L'importation des idées renouvelle aussi la pensée française ; elle lui permet de questionner sa propre conscience nationale et de s'interroger sur son passé. Sur le nazisme, deux ouvrages traduits ont marqué l'année, celui de Raul Hilberg, la Destruction des juifs d'Europe (Fayard), et Hitler et la solution finale, de Gérald Fleming (Julliard).

En cette année électorale, d'autres méditations politico-économiques ont été publiées : dans Au propre et au figuré, une histoire de la propriété (Fayard), Jacques Attali définit le désir de possession comme une réponse de l'homme à la mort.

La dichotomie entre la connaissance scientifique et la pensée philosophique semble s'atténuer ; les savants réfléchissent sur leur discipline et les penseurs, sur la science. Pierre Thuillier, dans les Passions du savoir (Fayard), regrette l'hégémonie de la science sur l'ensemble de notre civilisation et réfléchit sur le bon et le mauvais usage de la vérité. Selon Alan Chalmers, la science fournit assez de raisons pour ne pas désespérer de la raison. (Qu'est-ce que la science ?, la Découverte.)

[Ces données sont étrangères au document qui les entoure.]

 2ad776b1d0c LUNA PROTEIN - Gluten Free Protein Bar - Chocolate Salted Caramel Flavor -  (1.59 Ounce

Certains intellectuels, enfin, philosophent aussi sur la frivolité : Gilles Lipovetsky (l'Empire de l'éphémère, Gallimard) et Paul Yonnet (Jeux, modes et masses, Gallimard) voient dans l'émergence des modes non une aliénation, mais une libération de l'individu. Cette logique de l'éphémère régirait aujourd'hui le tout social, y compris le mouvement des idées.

Françoise Devillers

Littérature mondiale

Les éditeurs français se sont largement nourris de littérature étrangère ; parmi celle qui vient des États-Unis, les mémoires d'Arthur Miller (Au fil du temps) ont piqué notre curiosité, de même que le premier roman du journaliste Tom Wolfe, le Bûcher des Vanités. Le dernier roman de Joyce Carol Oates (Maya) est plus autobiographique que les précédents. Nous avons aussi découvert deux jeunes romancières, dont les livres ont été des best-sellers en Amérique : Louise Erdrich (la Branche cassée) et Amy Hempel (Des raisons de vivre). On doit à Gallimard la traduction de deux inédits de William Faulkner : Elmer et le Père Abraham.

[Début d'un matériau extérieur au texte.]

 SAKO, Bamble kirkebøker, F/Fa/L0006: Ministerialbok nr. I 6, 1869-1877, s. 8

Les éditeurs aiment à exhumer les tout premiers textes des grands auteurs, chargés des prémices de l'œuvre à venir. Ce fut le cas pour le roman de jeunesse du Cubain Alejo Carpentier, Ekoué-Yampa-o. Deux voix d'exilés d'Amérique latine se sont fait entendre : celle de Reinaldo Arenas, avec le Portier, et de Carmen Castillo, avec Un jour d'octobre à Santiago : tandis que le Péruvien Mario Vargas Llosa racontait, à travers un roman policier bien monté (Qui a tué Palomino Molero ?), les tourments d'un peuple réduit au silence. Octavio Paz a atteint à l'universel avec le portrait d'une religieuse du xviie siècle, poète et rebelle : Sor Juana Inés de la Cruz.

La littérature espagnole donne l'image d'un pays qui cherche à échapper au souvenir du franquisme ; ainsi, le Pianiste de Manuel Vasquez Montalban. Eduardo Mendoza a fasciné le public français avec la Ville des prodiges, épopée flamboyante située à Barcelone. L'intérêt pour les lettres portugaises s'est manifesté par la publication des œuvres de Fernando Pessoa, l'un des poètes les plus hallucinants du siècle. Les deux compères italiens Fruttero et Lucentini n'ont pas déçu leurs fidèles, avec l'Amant sans domicile fixe, dont Venise est le principal personnage, et leur essai la Prédominance du crétin. C'est à Venise aussi, en 1972, que Dino Buzzati, averti de sa mort prochaine, travestit en fables ses ultimes méditations et donna Le régiment part à l'aube, traduit cette année. Les Français ont fréquenté la Sicile baroque du xviiie siècle en lisant Lunaria et le Retable de Vincenzo Consolo, et ont découvert un autre grand auteur, traduit pour la première fois : Anna Maria Ortese (l'Iguane).

La Grande-Bretagne a retrouvé son génie de l'excentricité, à travers quelques vieilles dames très indignes à l'humour corrosif ; leurs personnages défilent dans : Une lubie de Monsieur Fortune (Sylvia Townsend Warner), l'Appropriation (Muriel Spark), les Excentriques anglais (Edith Sitwell) ; enfin, celui qu'on dit le plus doué des jeunes romanciers britanniques, William Boyd, nous a livré les Nouvelles Confessions, inspirées par celles de Jean-Jacques Rousseau. Quant à Theodor Zeldin, cet universitaire anglais qui se passionne d'habitude pour l'histoire des Français, il a confié à une fiction allégorique ses réflexions sur le Bonheur.